— DATA BLOCK —
_ _ _ _ _ _ _
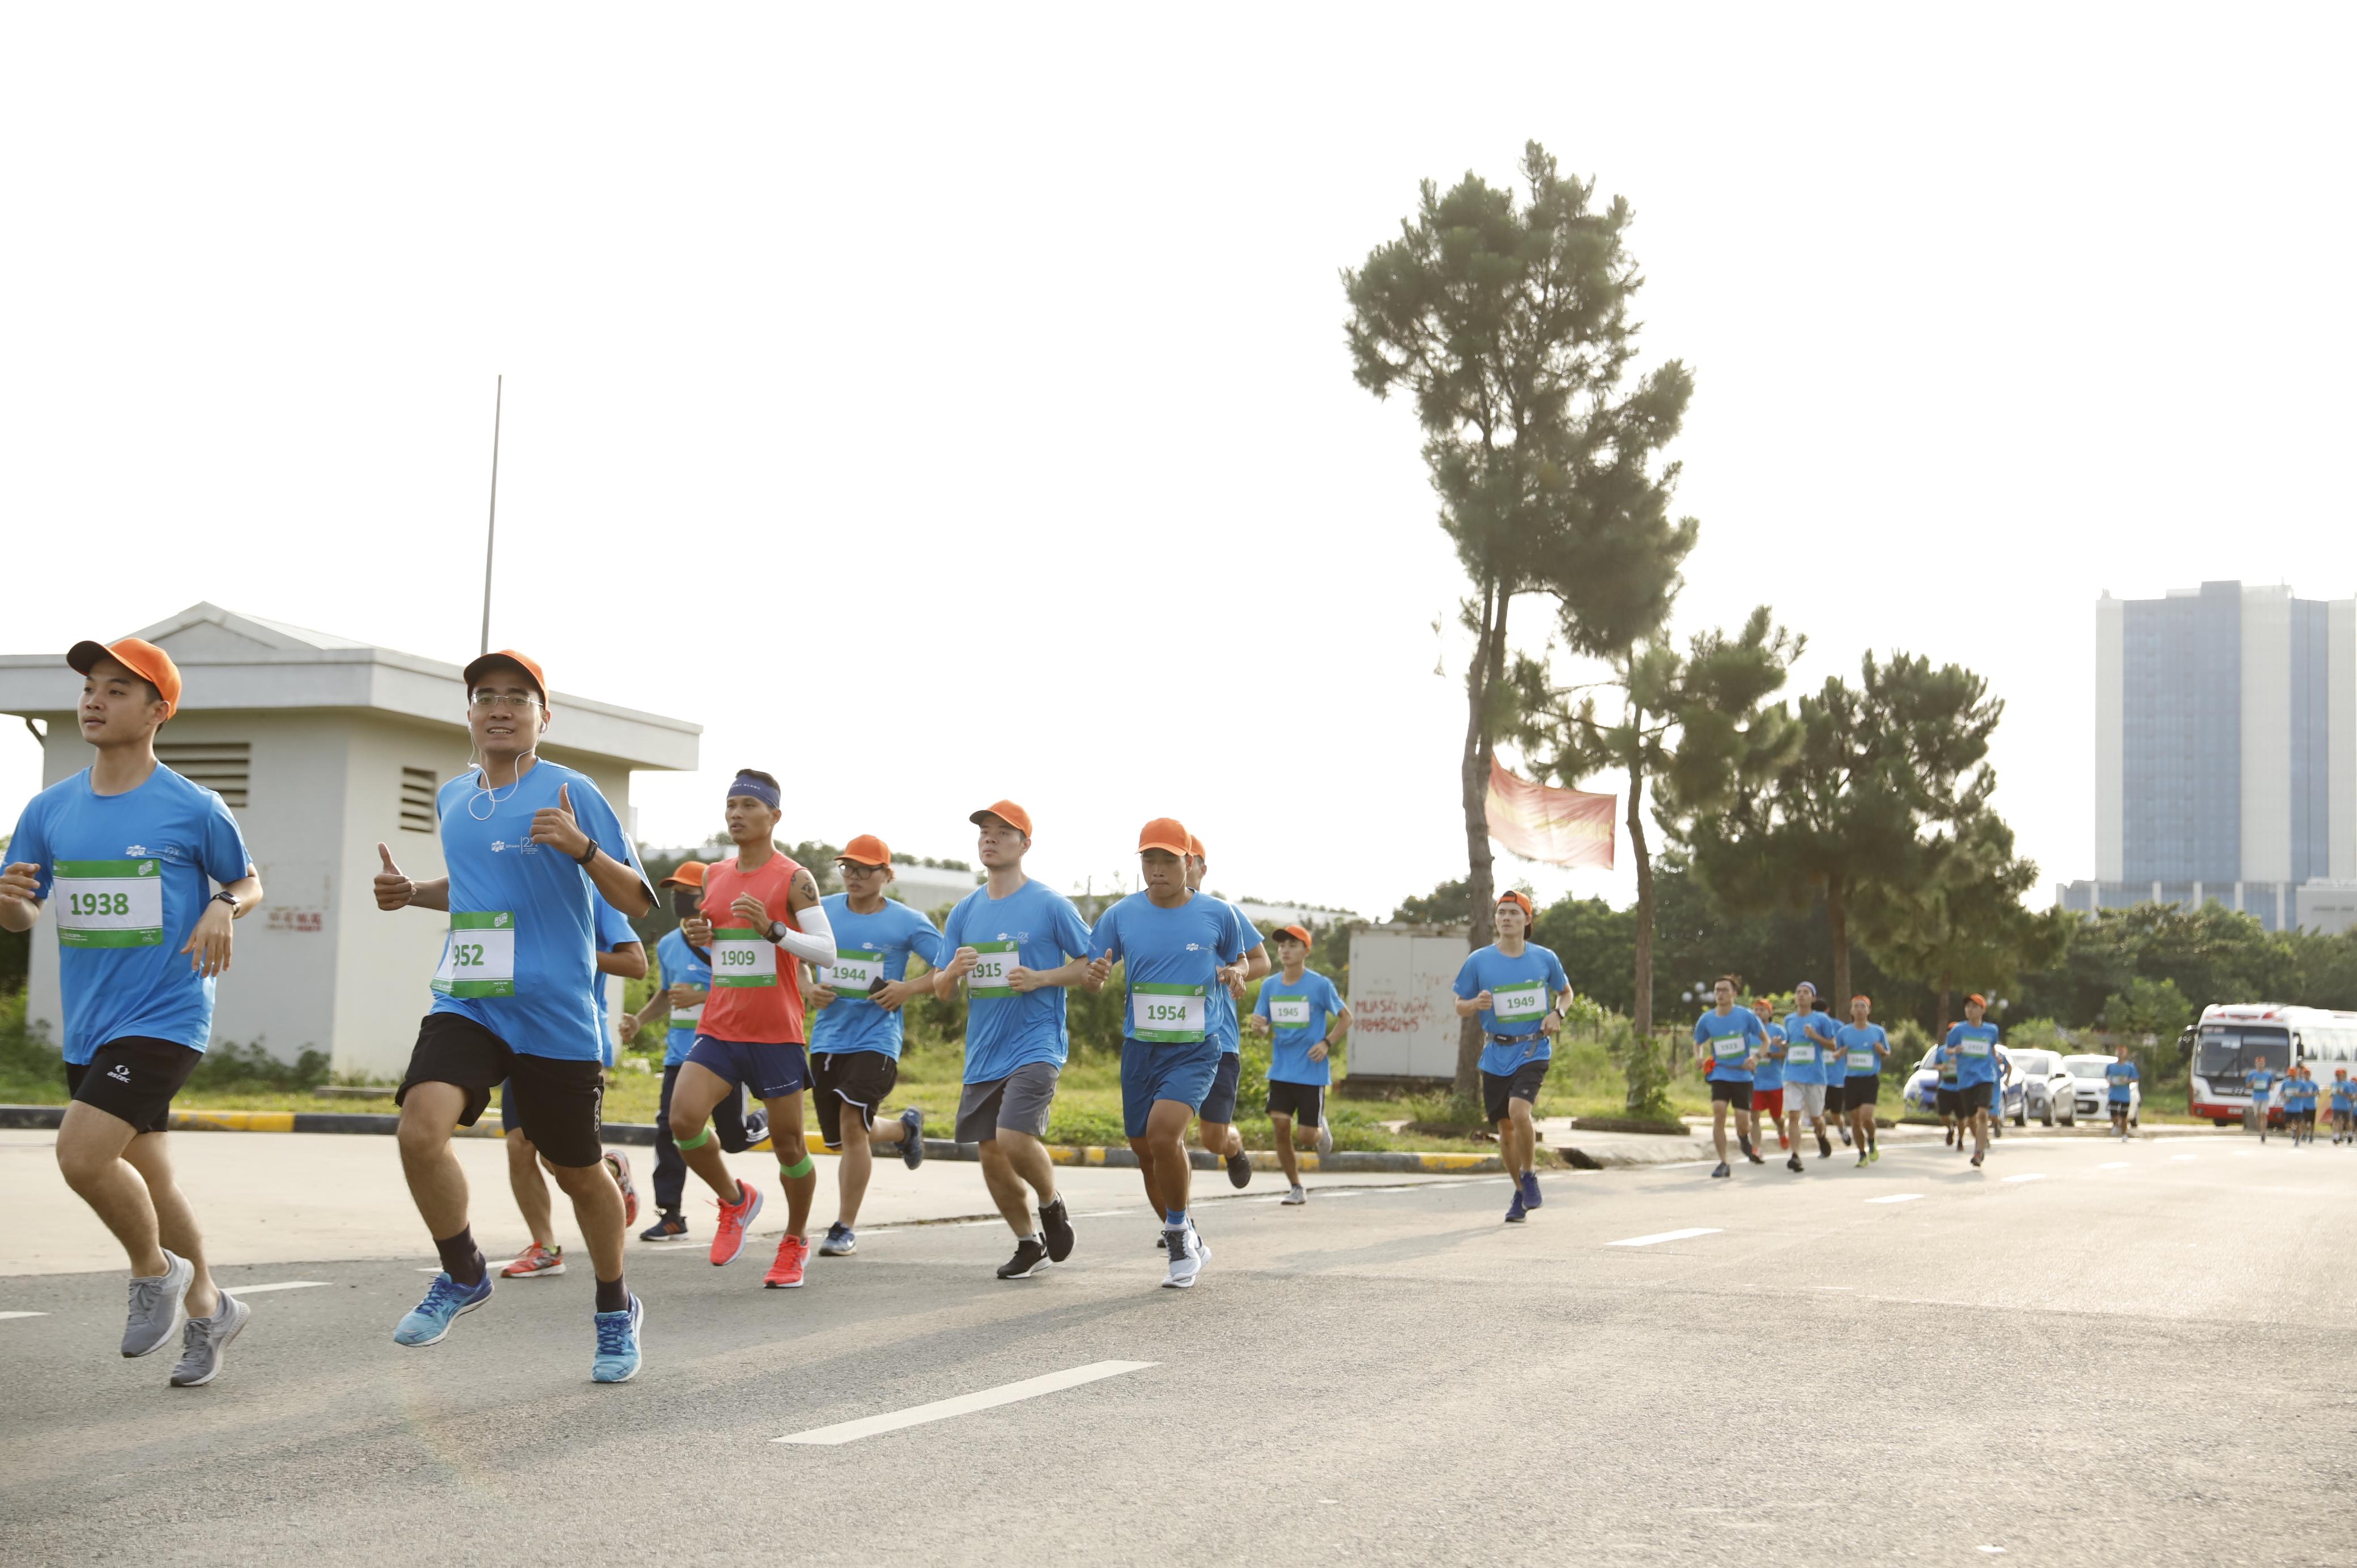 Nhưng mọi khó khăn cũng không thể ngăn được sức chạy của các vận động viên tại Run For Green.
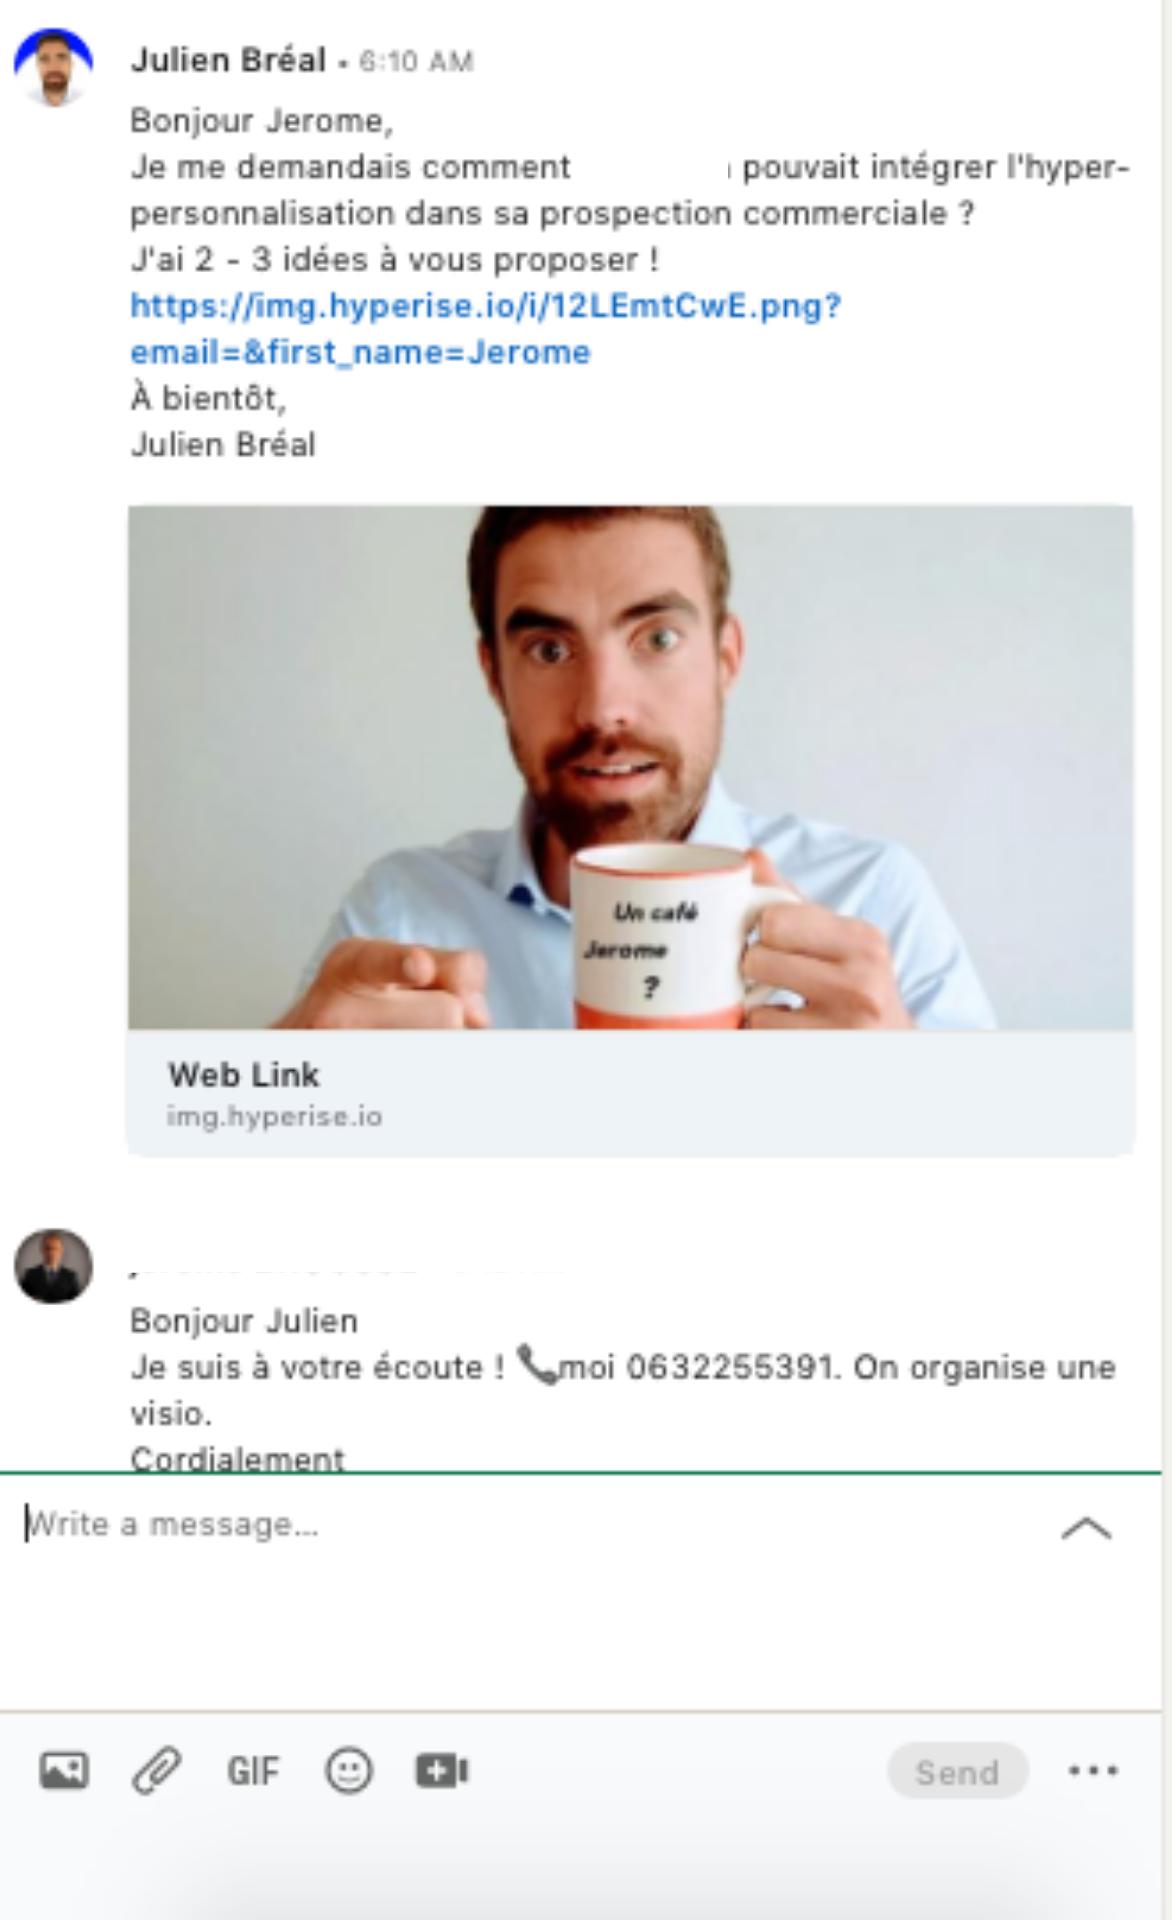 methode generer RDV avec Linkedin
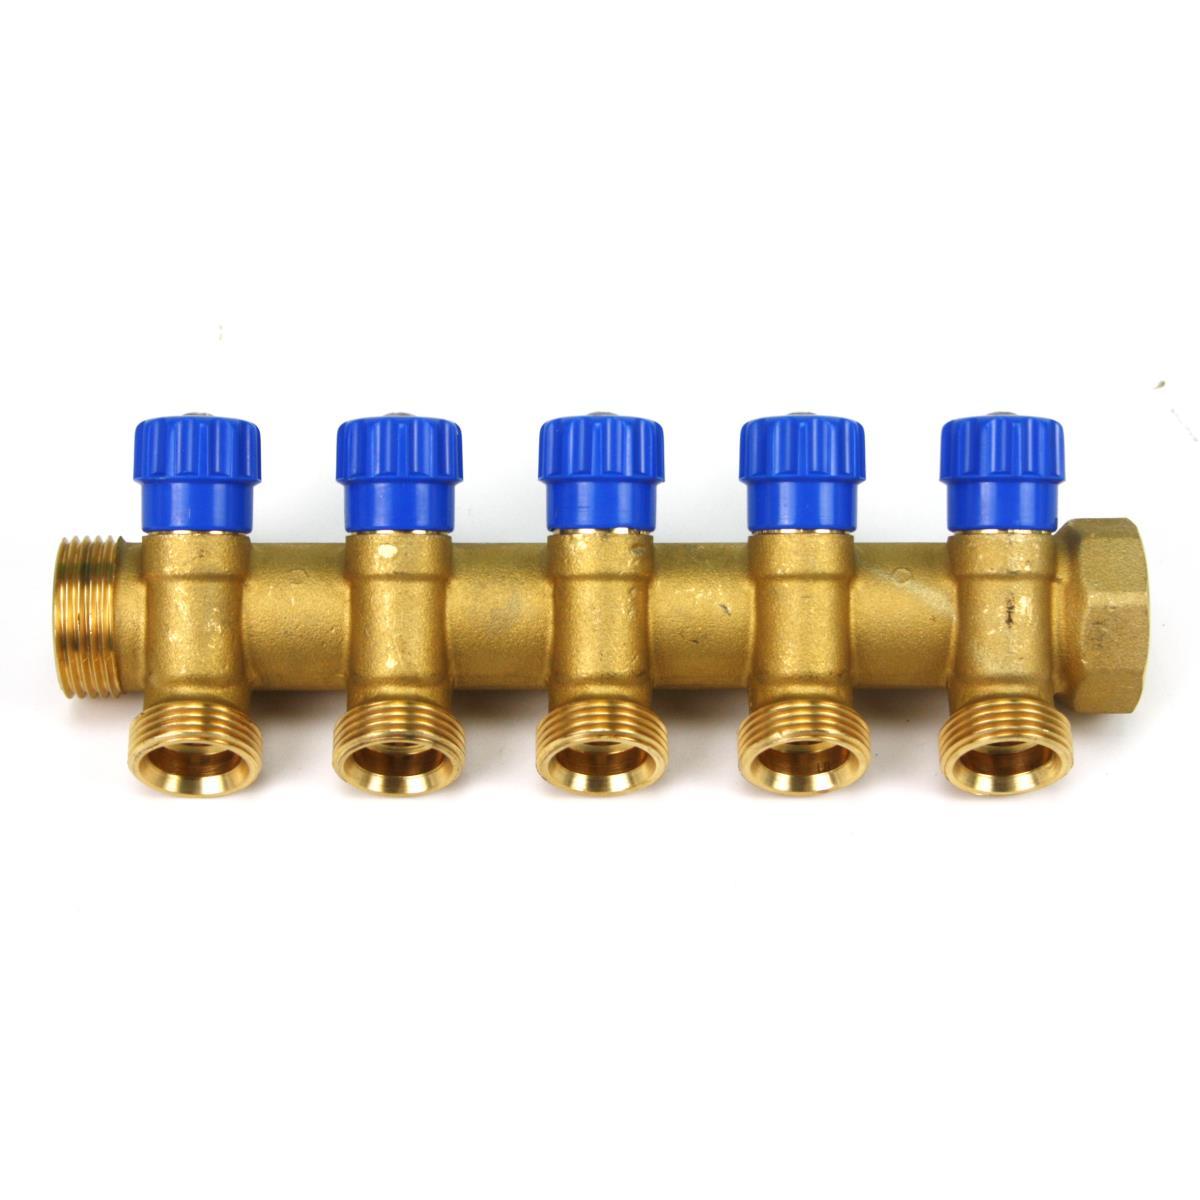 """Messing Verteiler 5-Fach mit Absperrventil Blau Sanitär 1"""" x 3/4"""" Wasser Heizung,Poletti,C325N12TB, 8025459078969"""
_ _ _ _ _ _ _
— EXERCISE BRIEF —
Omit the pictures and reproduce the listing exactly.

— ANSWER TO THIS TASK —
 Nhưng mọi khó khăn cũng không thể ngăn được sức chạy của các vận động viên tại Run For Green.
 methode generer RDV avec Linkedin
 """Messing Verteiler 5-Fach mit Absperrventil Blau Sanitär 1"""" x 3/4"""" Wasser Heizung,Poletti,C325N12TB, 8025459078969"""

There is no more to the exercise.